What we’re looking at is an incredibly ambitious project, with an epic scope, about a world devastated by the terrible “weapon” of the title, and the political machinations which lead to a scientist being sent into the wasteland to retrieve the weapon from its hiding place.  He thinks he’s going to get to study it, but the real plan is, of course, to use its devastating power.

The devastated future here is particularly well thought out, with its history and constitution turned into a sacred book, and the whole system, draped in a secular religion:  a near-worship of the water the government doles out sparingly complete with its own litany:  “The Water flows for all and always.”  Ultimately, it is a sort of a futuristic Caesaropapism, but one that is coming apart at the seams as more and more people question the authority of the government.

As one would expect from this sort of film, the acting is flat, the laboratory set is actually the kitchen of a small Lutheran parish, and the sound quality is appalling (admittedly one of the hardest things to get right, although you’d think they could have re-looped at least some of the dialogue.  And when will amateur filmmakers learn that you’re supposed to put wireless mikes on the actors?), and it isn’t always easy to tell what’s going on.

But they have flying bikes.  And digitally extended sets.

Now that’s something you don’t see in most $2000 dollar films.

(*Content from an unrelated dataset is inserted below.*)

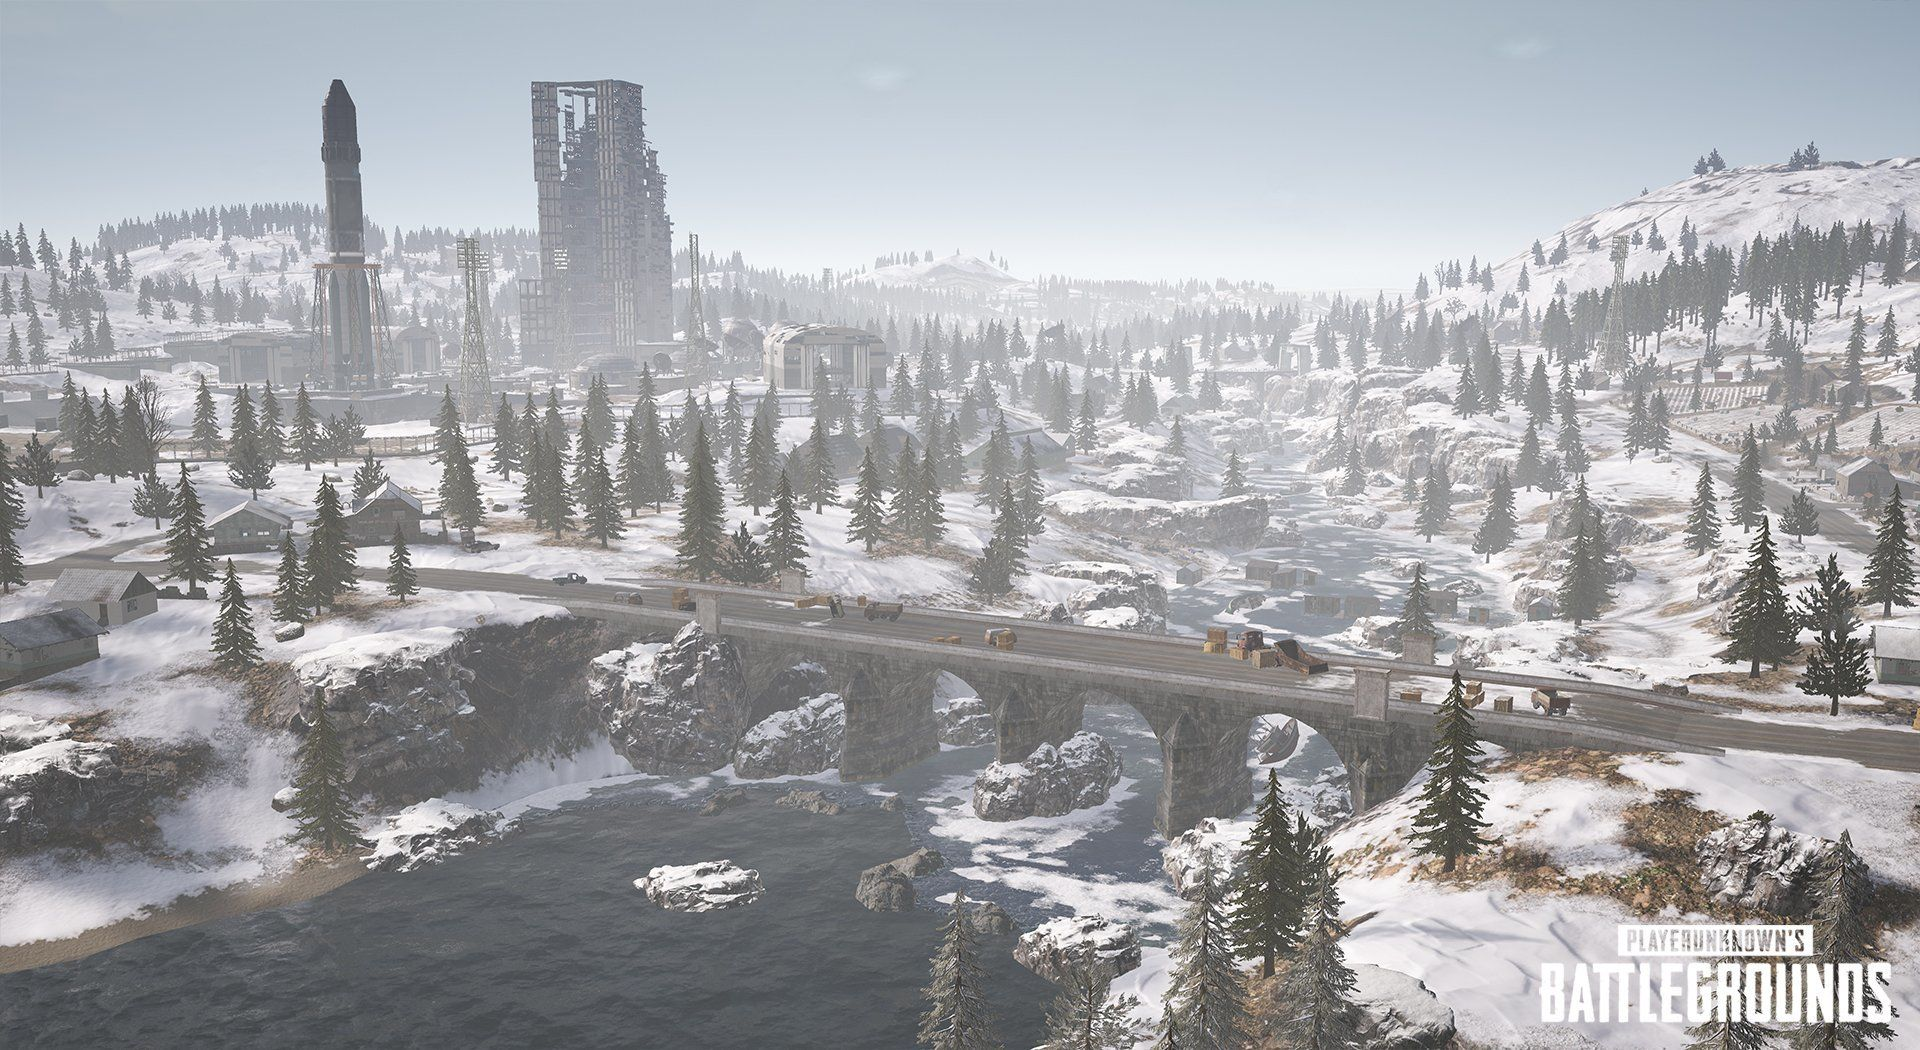 36 Pubg Wallpapers: 'PUBG' Update 24 Adds Vikendi Snow Map, Snowmobile & G36C

All in all, it’s an interesting – and earnest – little film, good enough to earn a run on Netflix and a DTV release on Brentwood’s Galaxy of Terror set, along with three of the Polonia brothers equally zero-budgeted films.  One misses the brothers’ sense of humor, perhaps, but it still seems a shame that Matt never went on to make another film.

It’s worth a look –  at least for those willing to set aside their expectation of Hollywood perfection.



2 thoughts on “The Weapon (2000)

  1. Hi Mark,

    Thanks for the thoughtful review. The Weapon was indeed a labor of love. I like to call it a ‘home movie gone awry’. But I loved every minute of making it. (Inadvertently, making the movie led to work for Disney.)

    I certainly appreciate a reviewer who understands the limitations of this kind of filmmaking and is willing to justify the work on the merits manifesting inside those limits.

    For more on my current projects, including a recently published sci-if novel that’s won two awards, check out my website: There’s more about the movie there, also.

    I see you live in Warren, PA. I lived in Pittsburgh until 2013; now live in Middle Earth, a half hour from Hobbiton in New Zealand.

    Good luck with your blog. I just saw Thor Ragnarok- a splendid comedy of thrills.

    Matt Kambic


    1. Thanks for the kind words Matt! I”m always happy to give a shout out for a “local” boy (even if he has gone Hobbit on us)! Glad to hear that your labor of love paid off.

      I always try to review films on their own terms, and frankly I find it sad how often people will trash some interesting lo-fi effort, simply because it isn’t as glossy as the latest 100 million blockbuster from Hollywood. Frankly, I think we can use all the “Garage Band” filmmakers out there we can get, turning out unique and strange films outside the monolithic entertainment industry.

      So thanks for your hard work and passion. We need more of it!